Scan the entries that follow and copy out every line containing "Bedroom".

----- Material supplied -----

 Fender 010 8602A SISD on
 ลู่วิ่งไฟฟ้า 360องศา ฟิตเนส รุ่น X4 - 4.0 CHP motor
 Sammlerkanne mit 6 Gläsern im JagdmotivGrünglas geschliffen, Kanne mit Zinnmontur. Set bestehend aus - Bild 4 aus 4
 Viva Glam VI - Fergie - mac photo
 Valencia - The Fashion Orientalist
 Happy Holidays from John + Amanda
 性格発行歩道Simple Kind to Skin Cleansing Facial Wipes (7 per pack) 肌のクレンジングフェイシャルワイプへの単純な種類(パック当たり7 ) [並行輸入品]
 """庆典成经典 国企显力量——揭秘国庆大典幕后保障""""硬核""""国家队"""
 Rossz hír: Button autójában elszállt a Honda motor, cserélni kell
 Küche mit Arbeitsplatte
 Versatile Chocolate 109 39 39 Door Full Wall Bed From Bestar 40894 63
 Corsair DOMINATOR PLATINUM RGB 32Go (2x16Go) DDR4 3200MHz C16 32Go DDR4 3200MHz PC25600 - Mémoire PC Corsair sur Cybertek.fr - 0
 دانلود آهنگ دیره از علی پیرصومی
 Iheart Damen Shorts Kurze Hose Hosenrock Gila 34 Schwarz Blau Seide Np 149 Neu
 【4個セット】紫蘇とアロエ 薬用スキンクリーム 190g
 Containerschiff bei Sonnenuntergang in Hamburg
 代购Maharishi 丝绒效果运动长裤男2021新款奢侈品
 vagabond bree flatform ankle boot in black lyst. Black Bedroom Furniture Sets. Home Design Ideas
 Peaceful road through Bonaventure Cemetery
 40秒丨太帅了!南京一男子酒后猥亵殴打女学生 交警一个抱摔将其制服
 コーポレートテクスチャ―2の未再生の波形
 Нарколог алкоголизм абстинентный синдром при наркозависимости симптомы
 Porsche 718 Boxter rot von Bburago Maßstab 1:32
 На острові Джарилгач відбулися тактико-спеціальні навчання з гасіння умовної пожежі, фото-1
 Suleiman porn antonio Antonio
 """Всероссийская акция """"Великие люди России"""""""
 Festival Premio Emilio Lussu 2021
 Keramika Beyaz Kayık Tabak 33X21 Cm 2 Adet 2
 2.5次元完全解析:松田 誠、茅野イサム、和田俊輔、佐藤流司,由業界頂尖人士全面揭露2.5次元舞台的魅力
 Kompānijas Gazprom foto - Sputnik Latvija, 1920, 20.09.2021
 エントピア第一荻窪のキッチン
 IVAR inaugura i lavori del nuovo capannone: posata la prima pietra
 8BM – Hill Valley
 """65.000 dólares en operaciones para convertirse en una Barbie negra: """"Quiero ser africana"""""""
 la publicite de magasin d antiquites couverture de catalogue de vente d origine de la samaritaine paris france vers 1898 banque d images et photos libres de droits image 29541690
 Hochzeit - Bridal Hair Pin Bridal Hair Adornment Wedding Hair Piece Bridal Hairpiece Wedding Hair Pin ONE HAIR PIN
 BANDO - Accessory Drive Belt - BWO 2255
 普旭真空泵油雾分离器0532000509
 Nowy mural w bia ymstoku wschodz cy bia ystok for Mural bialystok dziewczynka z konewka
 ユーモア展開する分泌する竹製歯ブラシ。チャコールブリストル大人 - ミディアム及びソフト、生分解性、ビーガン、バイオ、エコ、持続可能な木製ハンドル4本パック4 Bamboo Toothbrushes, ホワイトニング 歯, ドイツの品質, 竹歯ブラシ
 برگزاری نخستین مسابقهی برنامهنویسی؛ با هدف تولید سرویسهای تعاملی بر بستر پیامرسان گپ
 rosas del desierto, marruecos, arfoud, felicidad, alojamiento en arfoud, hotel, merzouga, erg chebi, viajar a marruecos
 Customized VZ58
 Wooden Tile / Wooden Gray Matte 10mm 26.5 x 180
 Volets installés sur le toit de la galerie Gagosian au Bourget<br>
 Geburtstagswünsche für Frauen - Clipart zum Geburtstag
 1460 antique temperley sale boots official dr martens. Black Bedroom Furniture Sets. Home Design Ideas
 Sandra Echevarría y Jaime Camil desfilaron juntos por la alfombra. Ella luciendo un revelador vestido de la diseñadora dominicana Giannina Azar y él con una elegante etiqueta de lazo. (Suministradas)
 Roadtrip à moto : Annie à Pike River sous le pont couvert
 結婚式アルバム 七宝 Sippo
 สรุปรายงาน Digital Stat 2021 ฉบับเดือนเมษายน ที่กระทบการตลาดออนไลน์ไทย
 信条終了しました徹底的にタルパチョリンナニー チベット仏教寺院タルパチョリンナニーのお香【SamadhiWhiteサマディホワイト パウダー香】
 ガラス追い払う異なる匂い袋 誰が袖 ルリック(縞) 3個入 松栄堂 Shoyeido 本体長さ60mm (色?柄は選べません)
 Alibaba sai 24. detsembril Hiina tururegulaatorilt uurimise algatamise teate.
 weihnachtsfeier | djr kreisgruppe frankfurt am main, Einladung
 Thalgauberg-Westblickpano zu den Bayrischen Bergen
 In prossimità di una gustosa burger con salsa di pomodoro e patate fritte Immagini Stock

-----

• _Response below_:
 vagabond bree flatform ankle boot in black lyst. Black Bedroom Furniture Sets. Home Design Ideas
 1460 antique temperley sale boots official dr martens. Black Bedroom Furniture Sets. Home Design Ideas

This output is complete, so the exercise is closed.